TORN ASUNDER: Owen, Portman, Roberts and Law play the couples game

No sadistic cop could grill a suspect with more brutal intensity than a man brings to the job of questioning the woman who's about to walk out on him. In just a few minutes, Larry (Clive Owen) has experienced the first five stages of the cuckolded male: denial, derision, pleading, sobbing, threatening. Now, in confronting Anna (Julia Roberts) about her lover Dan (Jude Law), he atavizes into Caveman, the alpha male in competitive fury. "Where did you make love: What parts of the house, what parts of the body?" "How did Dan perform?" "Was he 'better'?" "Gentler," she acknowledges, depleted by the hard truths he's forcing out of her. "Sweeter." Larry finally has what he wanted: the instant, utter and mutual eradication of their year-long love. "Thank you for your honesty," he tells her. "Now f___ off and die."

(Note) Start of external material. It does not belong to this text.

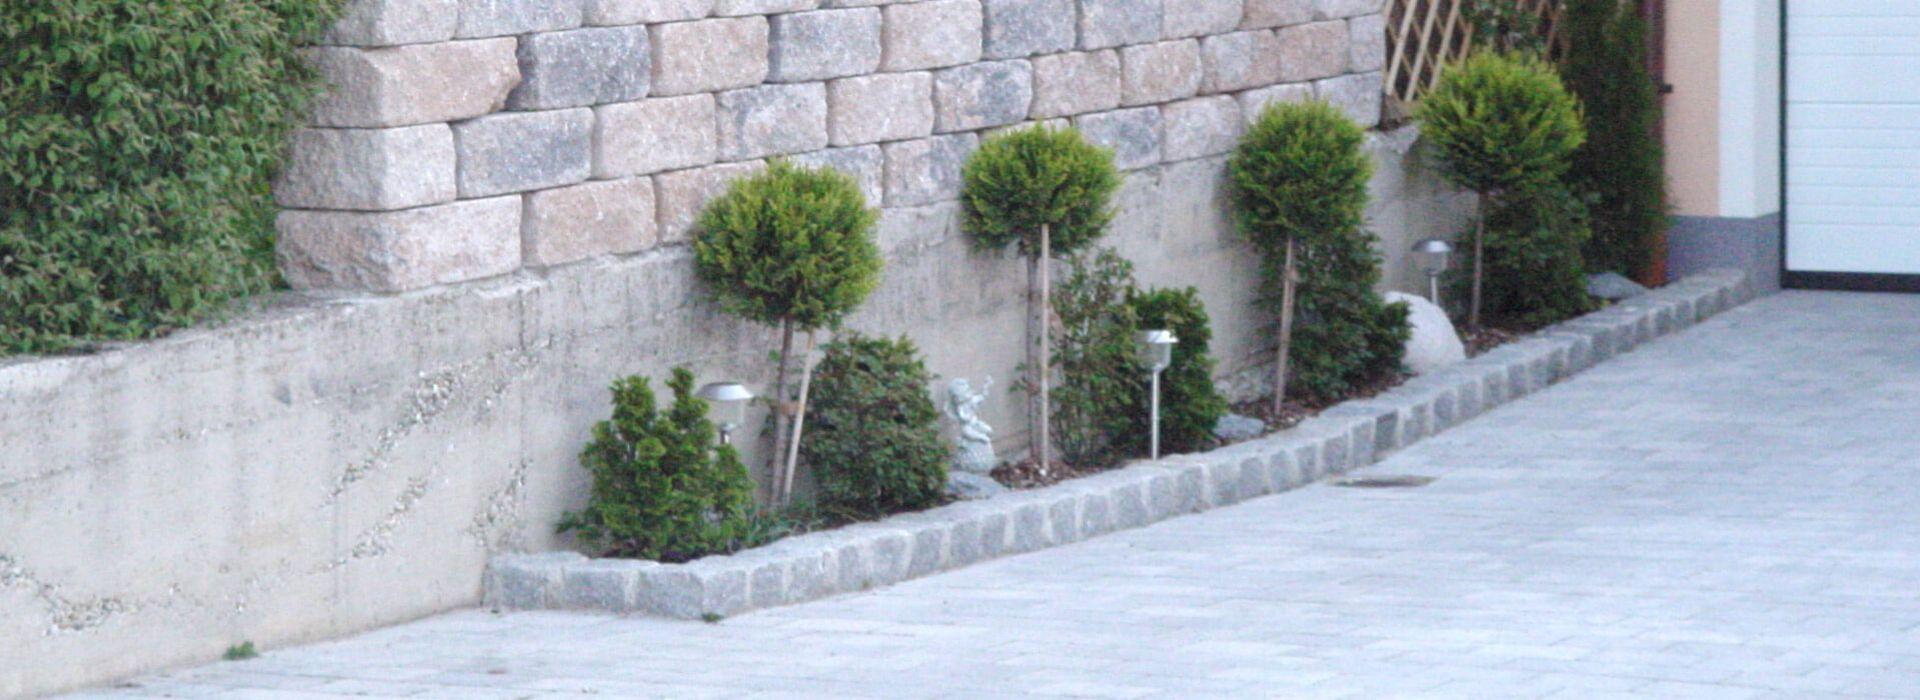 Referenz Mauern und Hangbefestigungen

It's a pulverizing few minutes in Closer, the funny, hurtful, splendidly acted new film that Mike Nichols has made from Patrick Marber's play and screenplay. The scene leaves the audience as flush and drained as the participants. "I thought we were way past being able to shock anybody," says Nichols, 73, who has directed his fair share of cinematic sexual frissons. "But people are shocked. It's not necessarily because of the language but because things that usually go unexplored are explored in public. Some people are armed against it. They say, 'I just don't know those people.' Well, they're you, man!"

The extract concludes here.